Tutor style? Tooter? Wait, it’s Tudor? Okay, I guess I never really knew the right name for those houses with white panels and large dark wooden beams through them, but I always knew that I liked the style. In reality, the specific aesthetic that I enjoy is called half-timbering, and that is what creates the distinctive style that is colloquially referred to as Tudor style (shown below).
Tudor style architecture gets its name from the House of Tudor, an English ruling family during the Tudor period (what a coincidence!) from 1485-1603. Tudor style is a subset of the overarching Medieval architectural style in England. From the Tudor style came a subset, called Elizabethan architecture, which was popular from 1560-1600.
While half-timbering was a common element in a lot of Tudor architecture, it was far from the only defining feature. Other notable features of the style include brick and stone, especially with half-timbering on the level above, depressed arches (also known as the Tudor arch), and brick chimneys. The chimney was actually a relatively new invention at the time.
An example of a Tudor building without the half-timbering that is so commonly seen is the Leeds Castle (shown above). We can see in this image that the castle is entirely made of stone, has a depressed arch in the front, and has square windows. Additionally, (while this is certainly not the original landscaping) the large, flat, manicured yard show here is common for the style. During the time period in which Tudor architecture was popular, landscaping was also quite common. Fountains began to become popular as well as angular landscape features and enclosed courtyards.

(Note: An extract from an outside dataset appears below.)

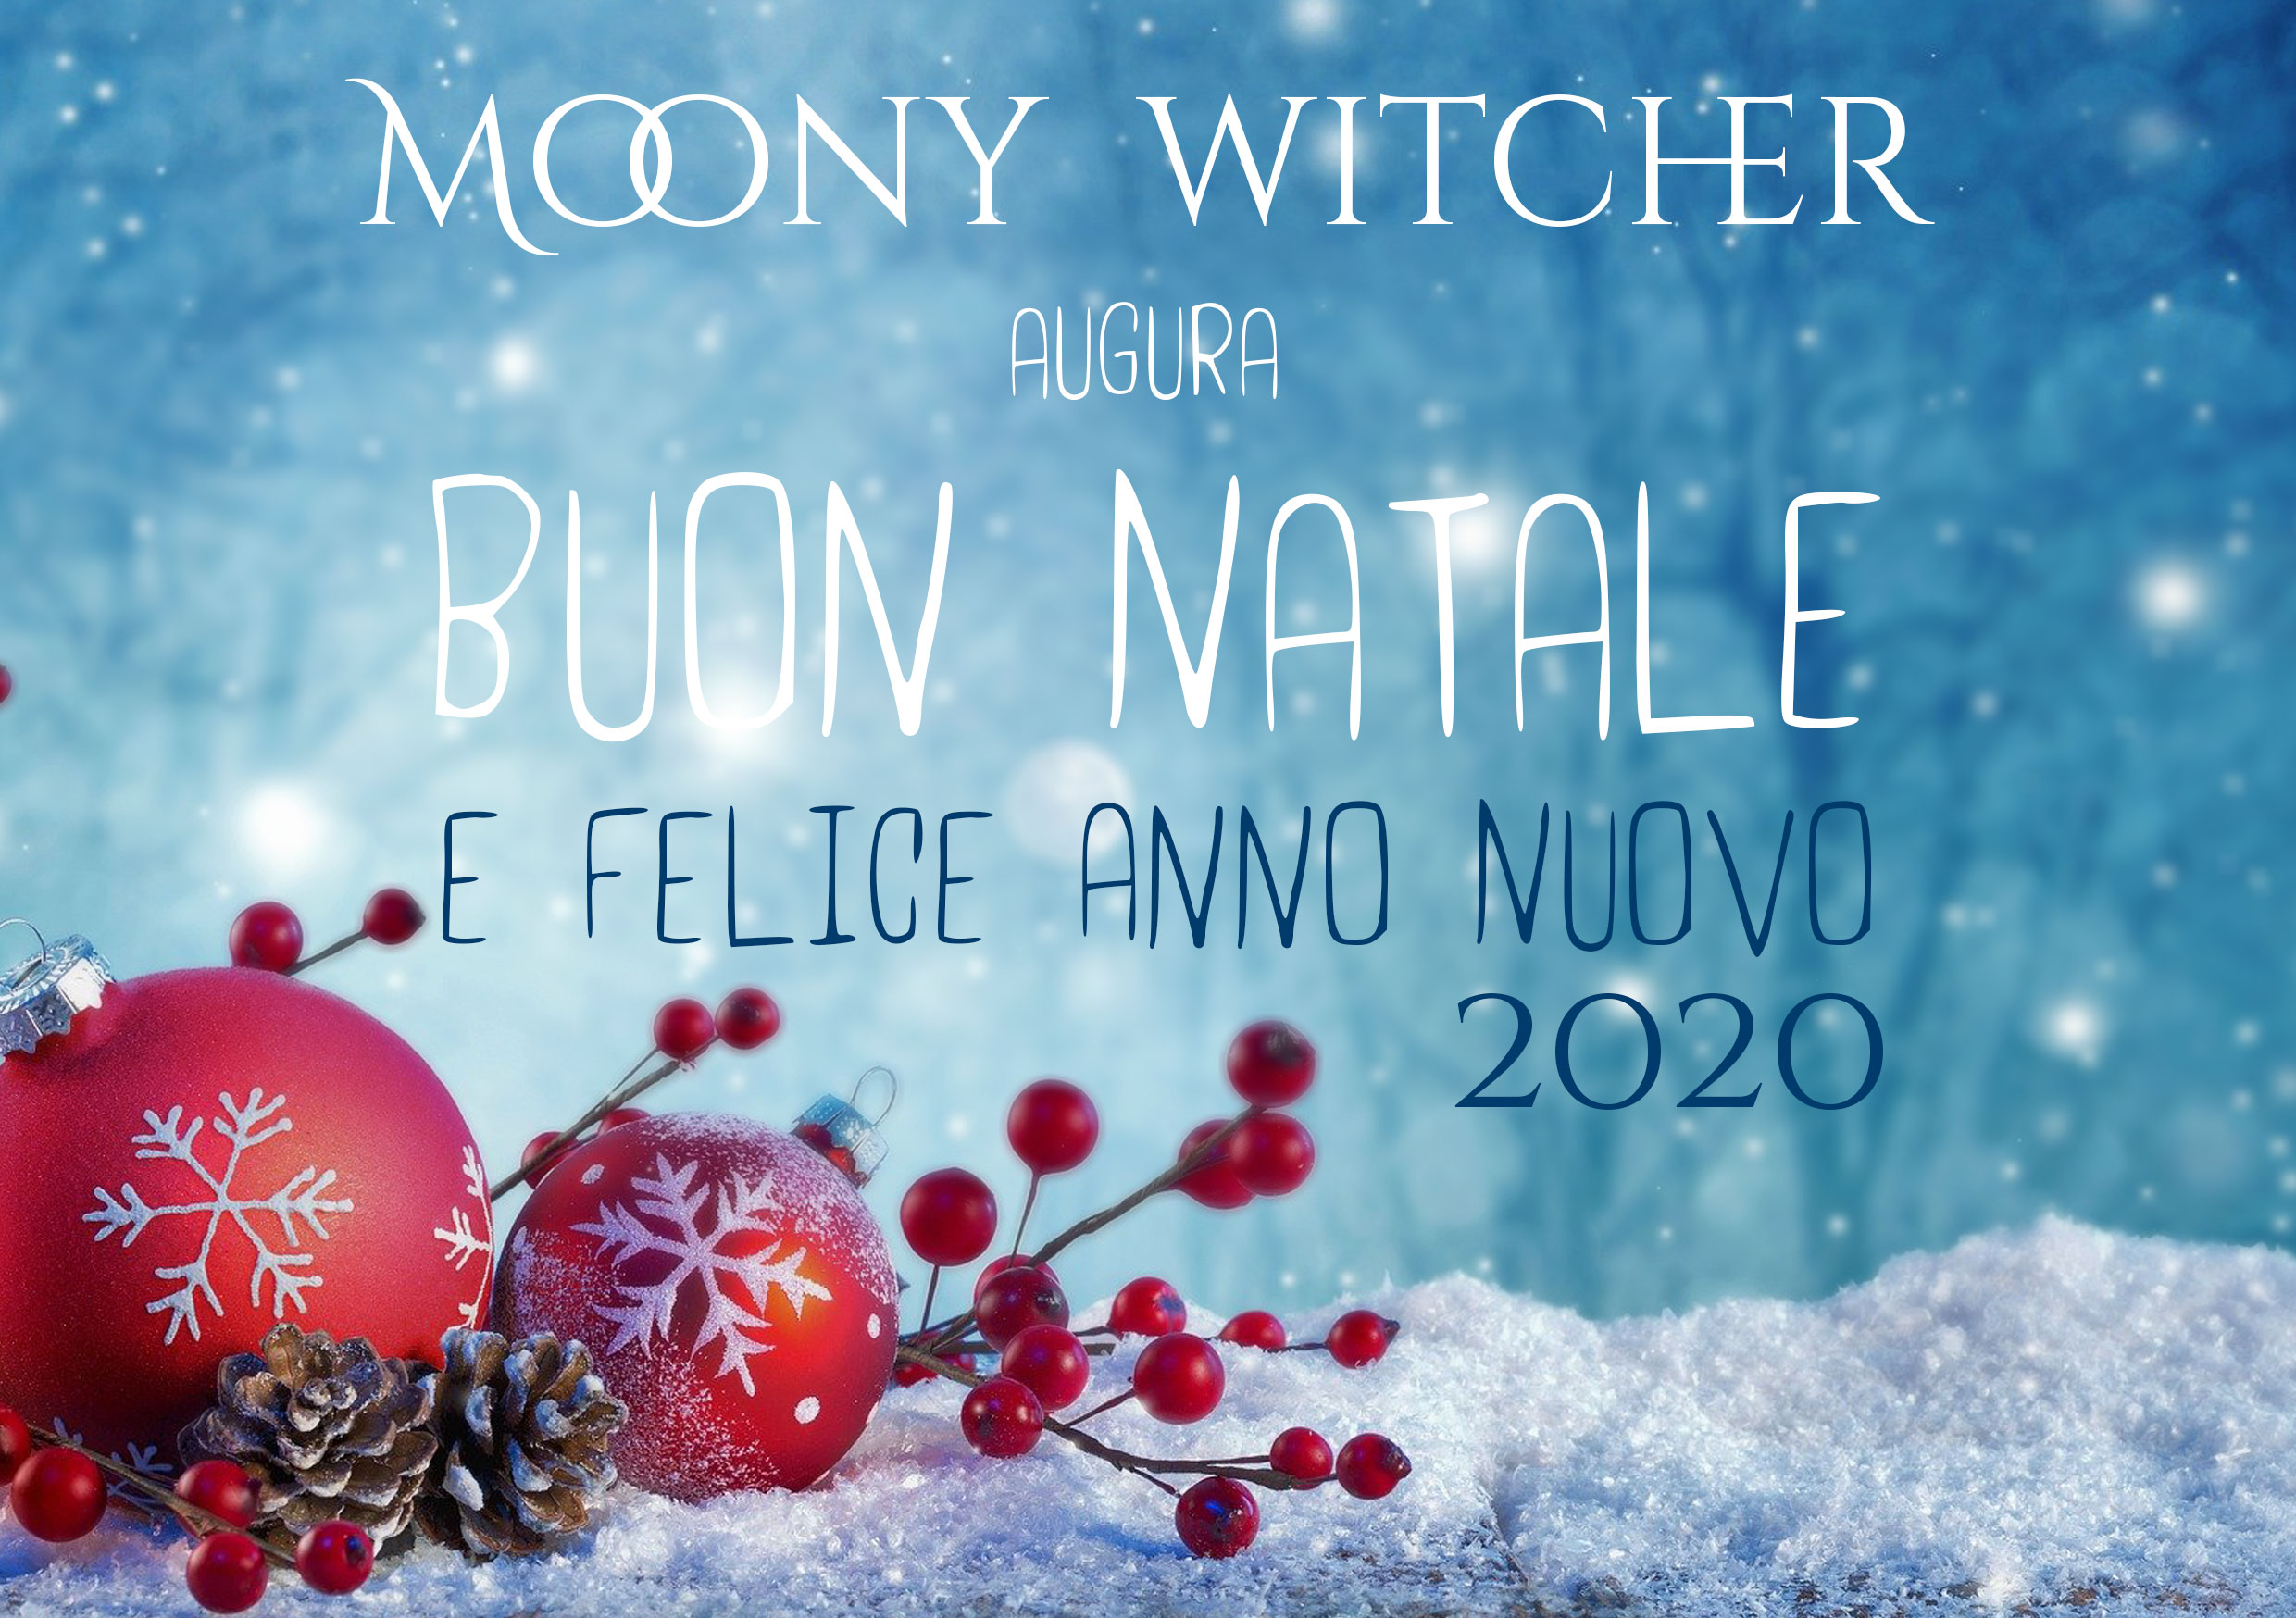 Immagini Natale E Buon Anno.Buon Natale E Felice Anno Nuovo 2020 Moony Witcher Il Blog

While not exclusive to the Tudor style in England, the depressed arch was extraordinarily popular in Tudor buildings. This arch is also called a 4-centered arch. The 4 comes from the fact that there are 4 distinct radii (2 on the left and 2 on the right which are symmetrical) used to achieve the shape. In the image above we can see that the bricks are straight on the sides, curve quite sharply (slightly above the top of the glass), then slacken out to come to a point. This shape is called depressed since it looks like someone sat on top of a regular arch and squished it out a bit. The implementation of this design allowed for less wasted space around square windows and doors.

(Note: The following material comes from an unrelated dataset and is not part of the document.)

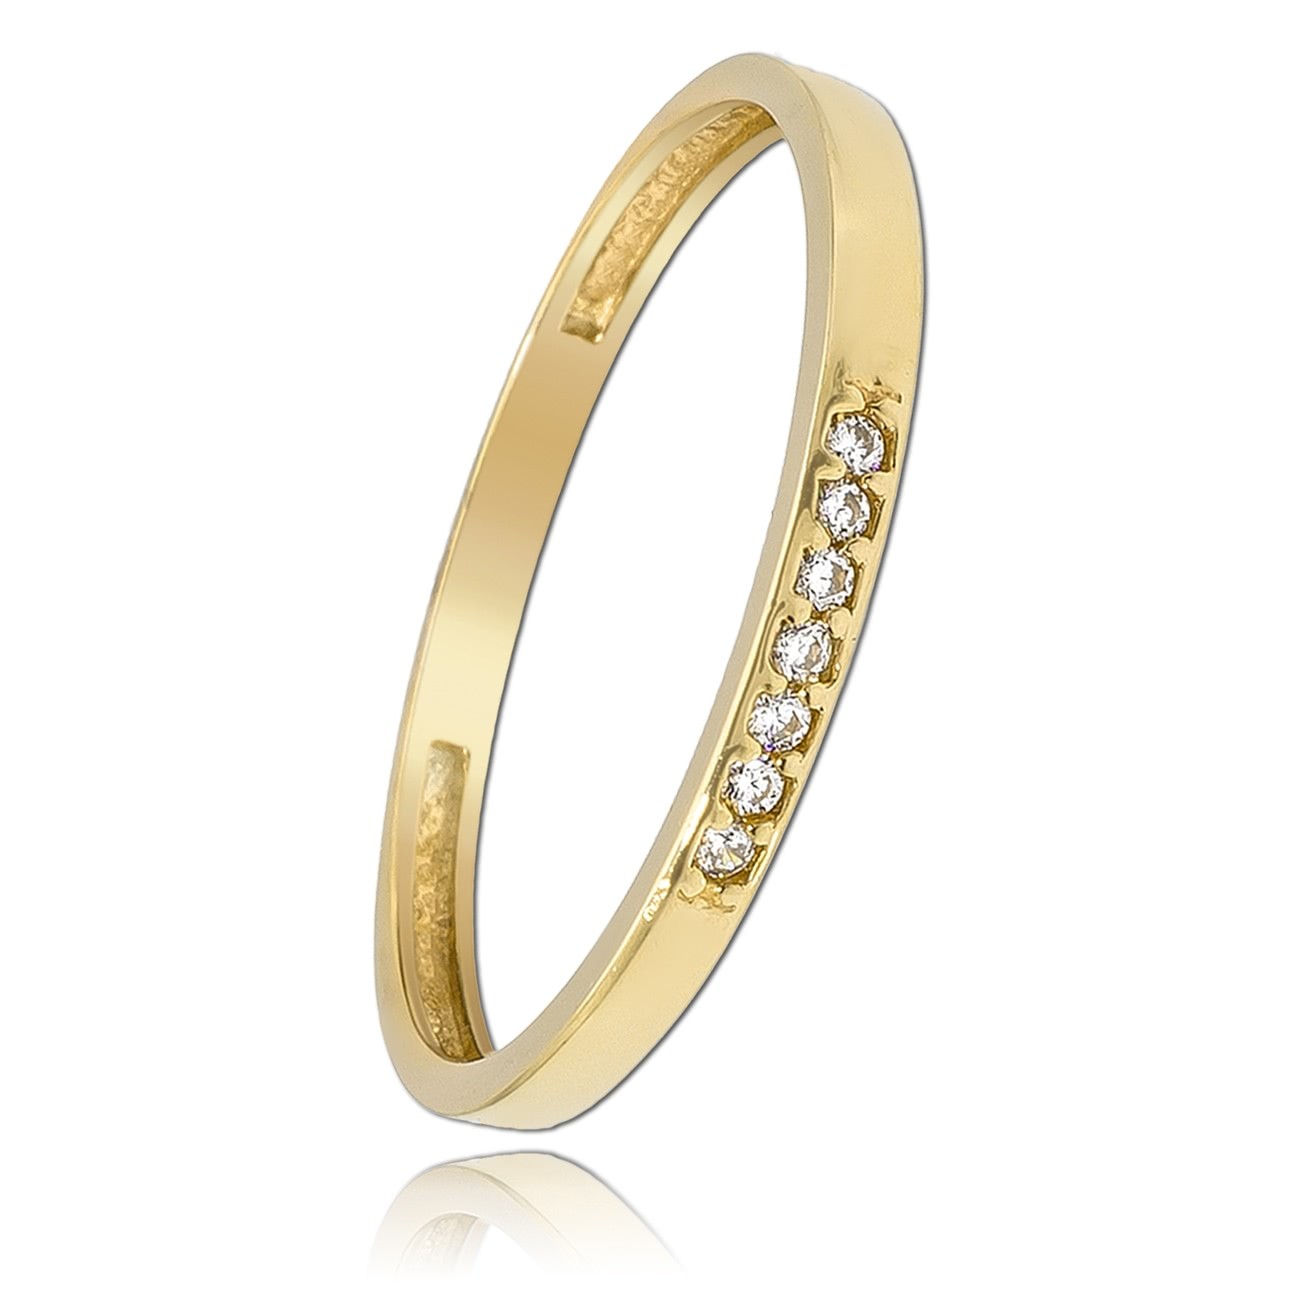 Balia Damen Ring aus 333 Gelbgold mit 7 Zirkonias Gr.54 BGR017G54

Okay, so now that we know what the Tudor style actually is, let’s get back to its colloquial usage. As I mentioned above, the phrase “Tudor style” has largely come to mean a building with half-timber construction. So, what exactly is half-timber construction then?
Excellent question, me! Half-timber is a subset of timber framing in which the timber is left exposed on the exterior of the building with wall material, called infill, between the wood. This infill is non-structural but is commonly stone or brick (shown above). In the Tudor style the infill is often covered with a white plaster. A great example of this white plaster covered infill is shown below.
This is my dream home. Thanks for reading!